Sendo assim e dentro dessa dinamicidade, apreendemos ser um com o outro, pois, ao contrário, cairemos todos no abismo. O texto Mobilidade! Antes que nossa morada global nos expulse daqui, da Adriana Charoux nos mostra que aprender a cooperar, portanto, é o grande desafio da história humana neste século. De contrapartida, a humanidade já consegue pôr adiante a wikipedia na internet, uma enciclopédia escrita por vários autores, mas continua a mostrar que pode fazer os esforços de cooperação definharem de uma hora para outra, como se verifica em congestionamentos na hora do engarrafamento ou em estradas. A tendência, no entanto, é que superemos essa etapa, inicialmente pela negociação nas situações de conflito, em seguida, pela percepção cada vez mais clara do melhor caminho a seguir em termos do interesse coletivo, a humanidade, o nosso planeta.

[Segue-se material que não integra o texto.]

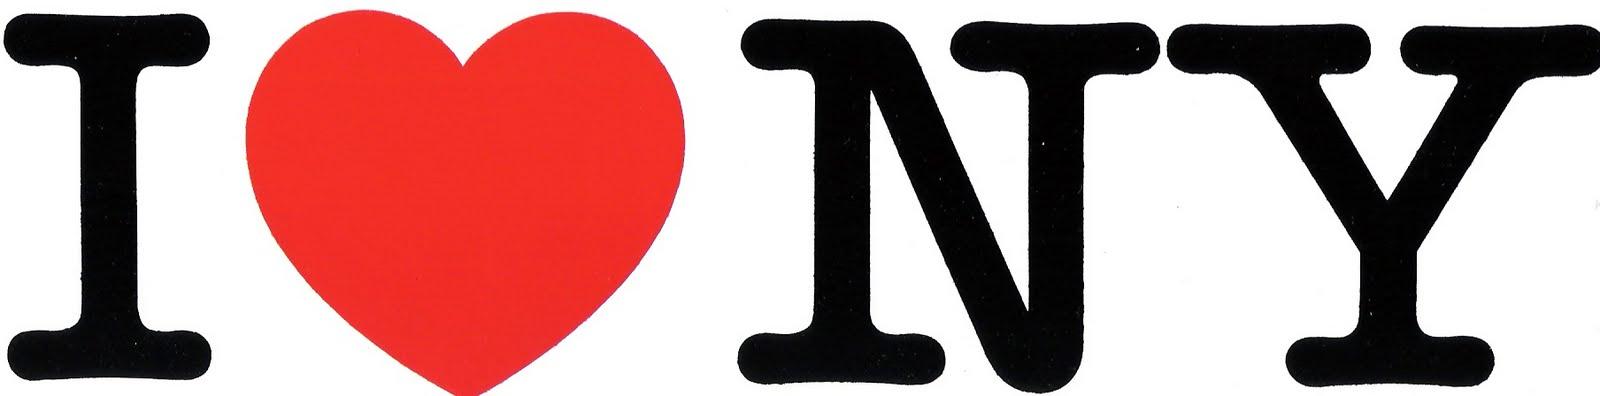 Logo de I love NYC de Milton Glaser
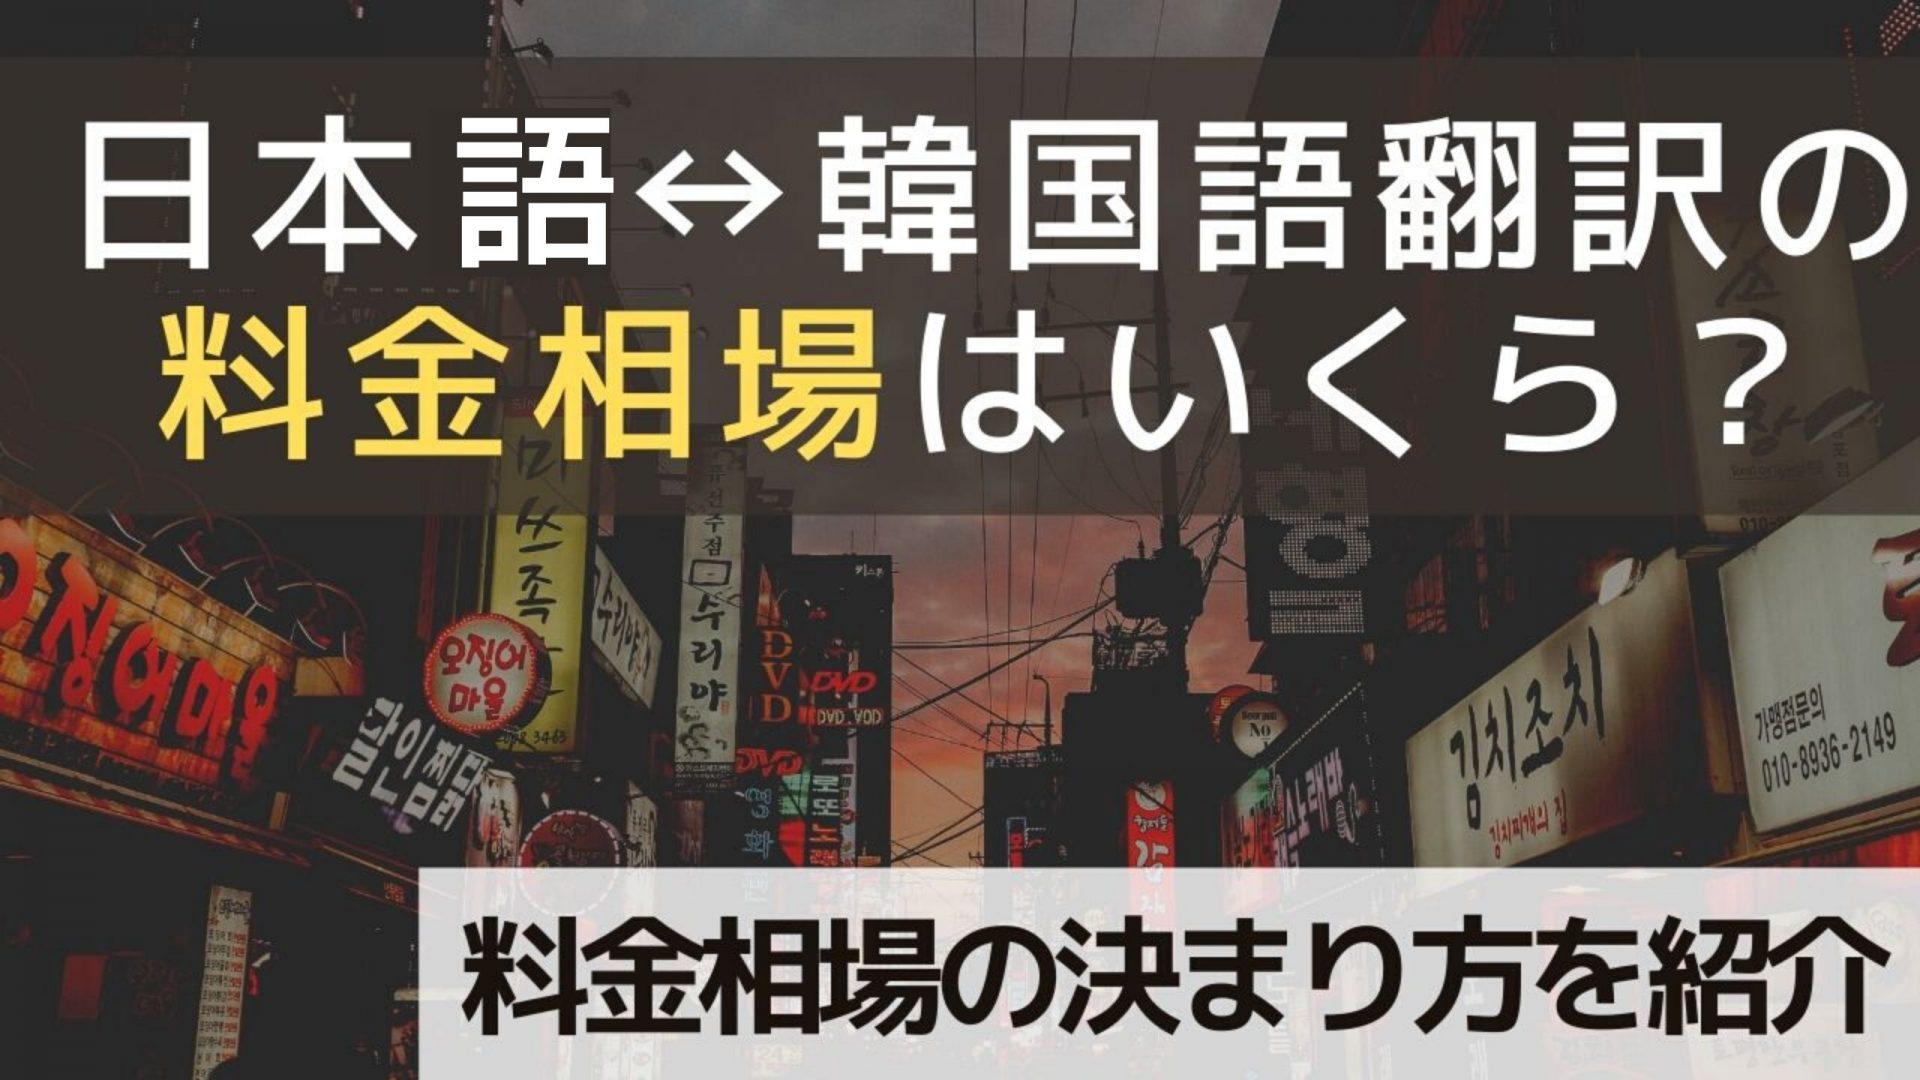 5f63f383a030c8d711bea8756bc74d31 - 日本語から韓国語、韓国語から日本語への翻訳料金の相場は?

A cooperação, portanto, nunca significa a ausência de conflito de interesses. Ela significa um conjunto de regras para negociar conflitos de interesse de uma forma que os resolva. Nesse caso, qual seria a próxima etapa da evolução humana? Constatamos que ela estaria associada ao surgimento de uma sociedade sustentável e marcada pela cooperação em todo o mundo. Isso acontece com as cooperações em todos os níveis, assim a sociedade global diminuiria conflitos internos e competições destrutivas impostas pelo sistema alienante e monstruoso, incluindo a guerra, poluição e seus derivados, que usurpam os Direitos Humanos e mata o planeta! Precisamos, enfim, ser vida em situações de morte!